Reputation: 794
I miss the compare instructions in avx2 that produce a vector instead of a mask. What is the most efficient way to accomplish the same thing in avx512? Is it _mm512_cmp_ps_mask followed by an expand?
Upvotes: 3
Views: 563
Reputation: 363922
Yes, I think just compare and vpmovm2d
, although very often you can use merge-masking or zero-masking (possibly with a set1(-1)
constant) for the next step, instead of whatever you were going to do with a vector. e.g. for counting matches, instead of _mm_sub_epi32()
with the vector 0/-1 compare result, just do a merge-masked add.
Of course, for 256-bit vectors, the AVX2 compare instructions are still usable.
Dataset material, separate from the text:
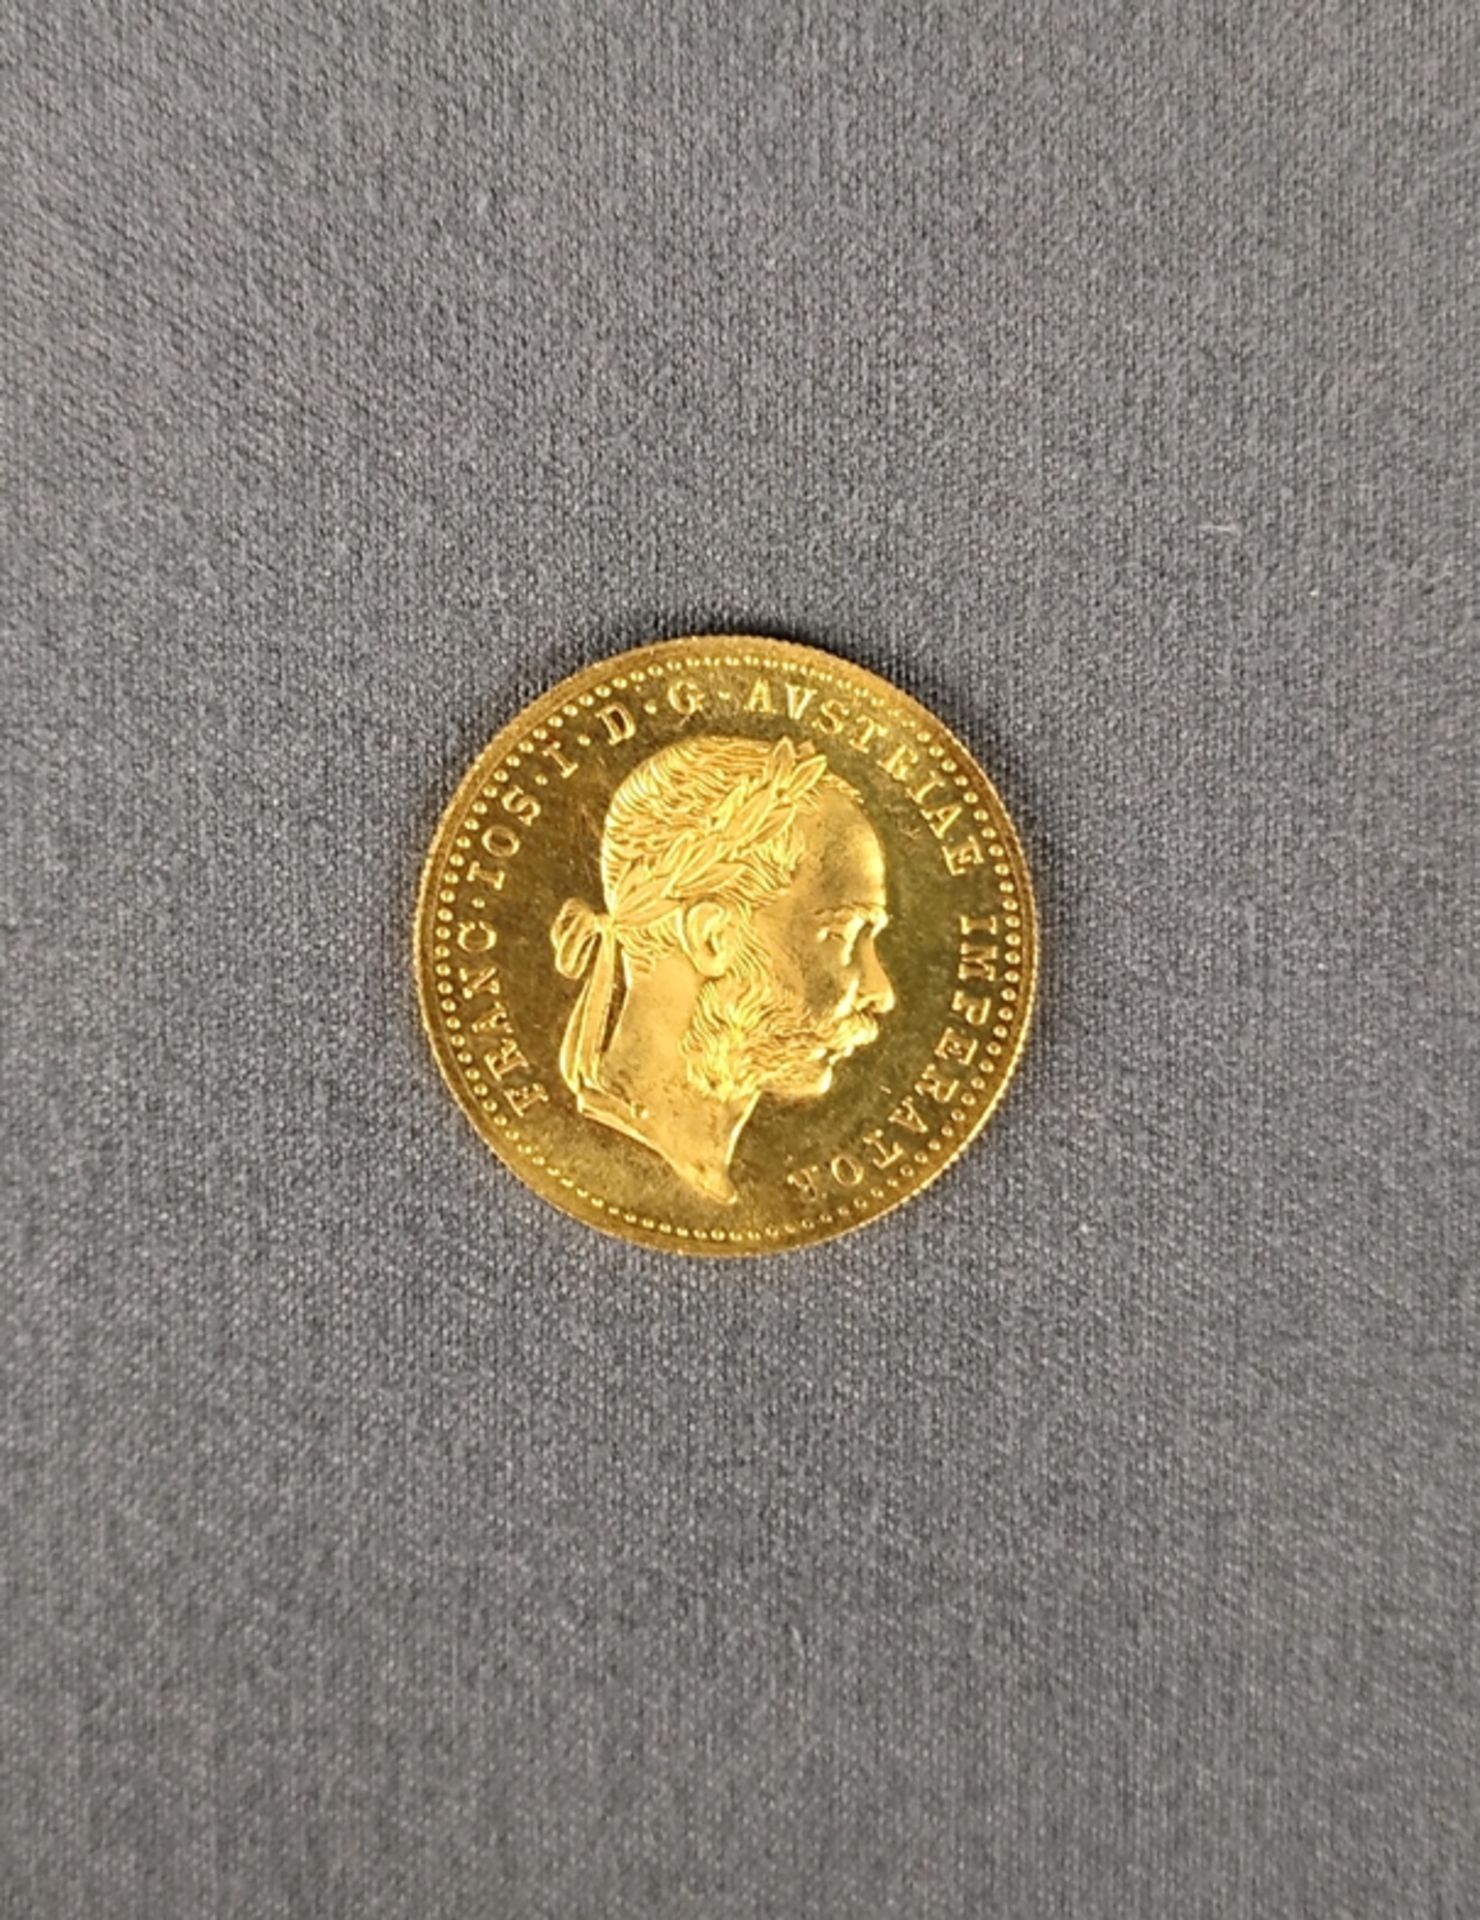 Goldmünze, 1 Dukat, Franz Josef I., Österreich, 1915, 986 Gold, 3,4g, Diameter 20mm

Probably not worth it to unpack halves of a 512-bit vector, but it's sometimes worth it to avoid 512-bit vectors entirely with AVX-512 (e.g. to avoid clock-speed penalties on some CPUs, and also to avoid the shutdown of the vector ALU on port 1). So you still take advantage of the useful new instructions in AVX-512, and the extra registers (x/ymm16..31) for operands that don't need to be used with VEX-coded AVX1/AVX2-only instructions.
Still, there are cases where it might be worthwhile to just accept the penalty of needing to turn a mask back into a vector in order to use 512-bit vectors.
Upvotes: 2